Son of Apollo
The next lunar lander will be a giant leap ahead of the first.
- By Tony Reichhardt
- Air & Space magazine, May 2006
Living and working in the most remote office in the solar system, the next moon-bound astronauts will rely on a 21st century lunar lander with conveniences only dreamt of by veterans of Apollo.
Illustrations by Paul DiMare
(Page 2 of 8)
"I was absolutely a child of Apollo," Connolly says. "As a nine-year-old, I was the kid sitting in front of the TV with my nose 12 inches from the black-and-white screen watching Neil and Buzz walking on the moon. I had all the models of the Saturn V and the LM and everything else that day."
He turned that fascination into a NASA career, and counts himself lucky to be "working on things that very few people get the honor to work on." Yet much of his career has been spent in the bureaucratic backwaters. While NASA focused on the shuttle and the space station, Connolly and a small band of forward thinkers at Johnson conducted study after study of missions that could get the agency back to the moon if it ever got the call. There was the First Lunar Outpost concept of 1992, and the Human Lunar Return of 1996-a cut-rate, let's-just-do-it scheme that would have put two spacesuited astronauts into an open-cockpit moon lander that looked unnervingly like a rocket-powered jet ski.
None of these plans went anywhere, of course. "There were a number of years where 'exploration' was a dirty word at the agency," Connolly says.
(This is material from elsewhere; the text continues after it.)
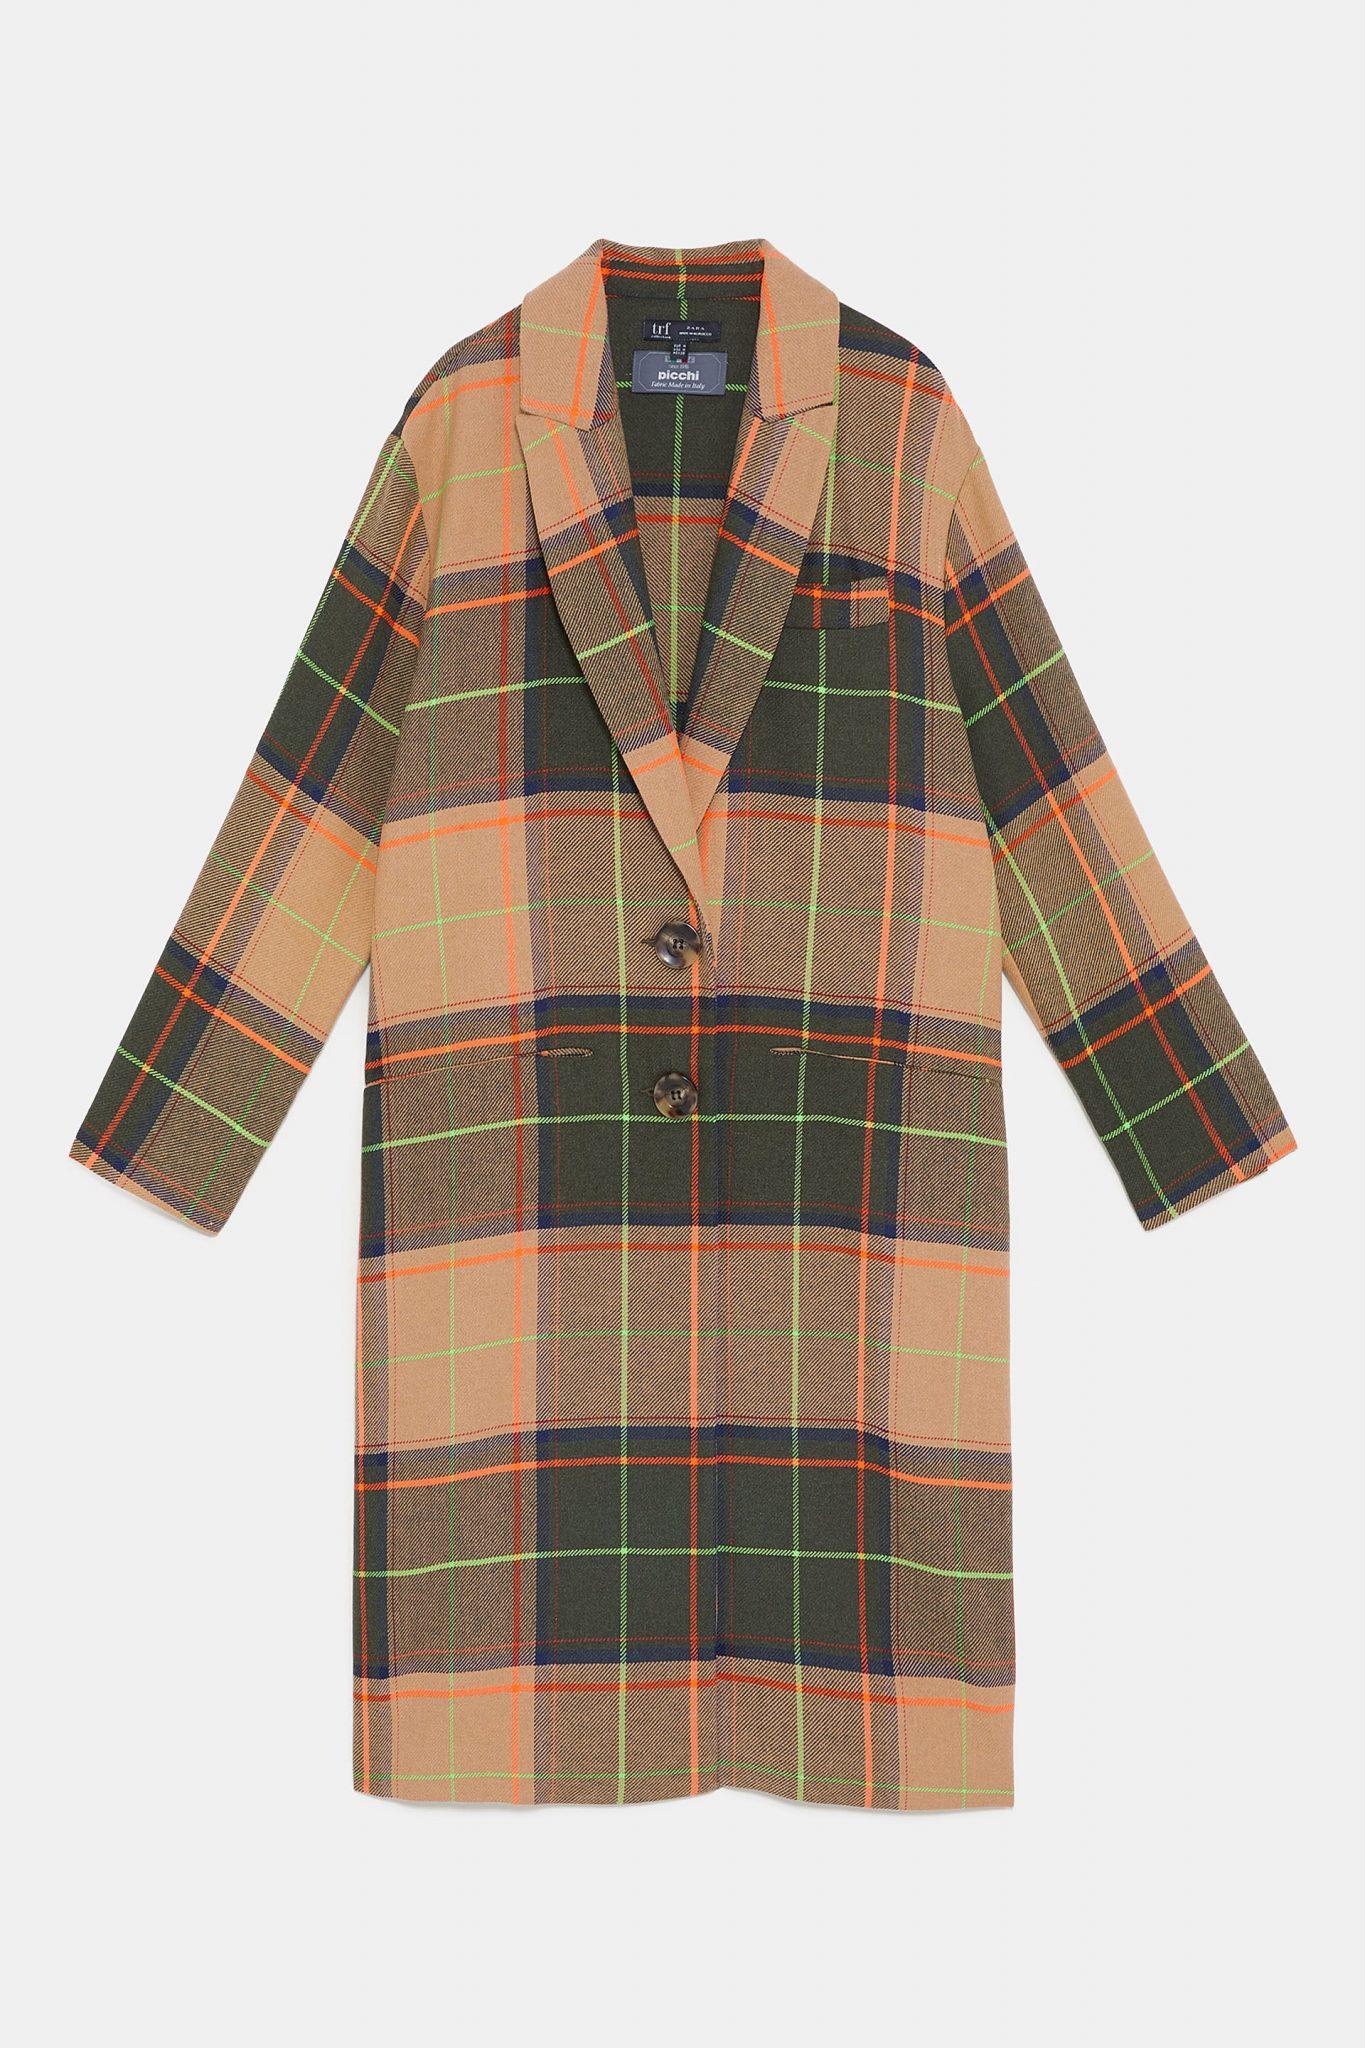 Checkered Coat This Winter

Then came the 2003 Columbia accident, and a dramatic, White House-mandated change of course. No more circling Earth. Returning people to the moon, and using it as a training ground for Mars, would be the space agency's new plan. So for the past two years, Connolly and his colleagues at NASA headquarters have been developing the Architecture (a word NASA uses with the same reverence fundamentalists accord to "Scripture") for accomplishing their new mission.
The Architecture calls for sending four astronauts at a time to the lunar surface, compared with Apollo's two. Instead of spending three days on the moon, they'll stay a week. And rather than being confined to a narrow band of landing sites around the lunar equator, they'll be able to land anywhere, even the poles, where scientists believe ice in the soil could be converted to fuel and drinking water.
These improvements over Apollo result largely from an advantage in rocket power. Not only are modern propulsion systems more efficient than those of 40 years ago, but NASA is also taking a different approach this time, launching the moon vehicles on two separate rockets with a combined 150 metric tons of lift. In comparison, Saturn V had 130 tons.
LSAM's additional lift power will enable it to be bigger, better, and in every way more capable than its predecessor. In cargo-only mode, with no crew, its carrying capacity will be 21 tons, more than the weight of the entire LM.
But will it look very different? No matter how many years have passed or how many studies have been conducted, the physics and engineering practicalities of landing on the moon drive the design inexorably toward what the Grumman engineers came up with decades ago. "We might have wanted the LSAM to look like the Millennium Falcon," says Connolly, with a trace of wistfulness. "But it will probably look like the Apollo LM."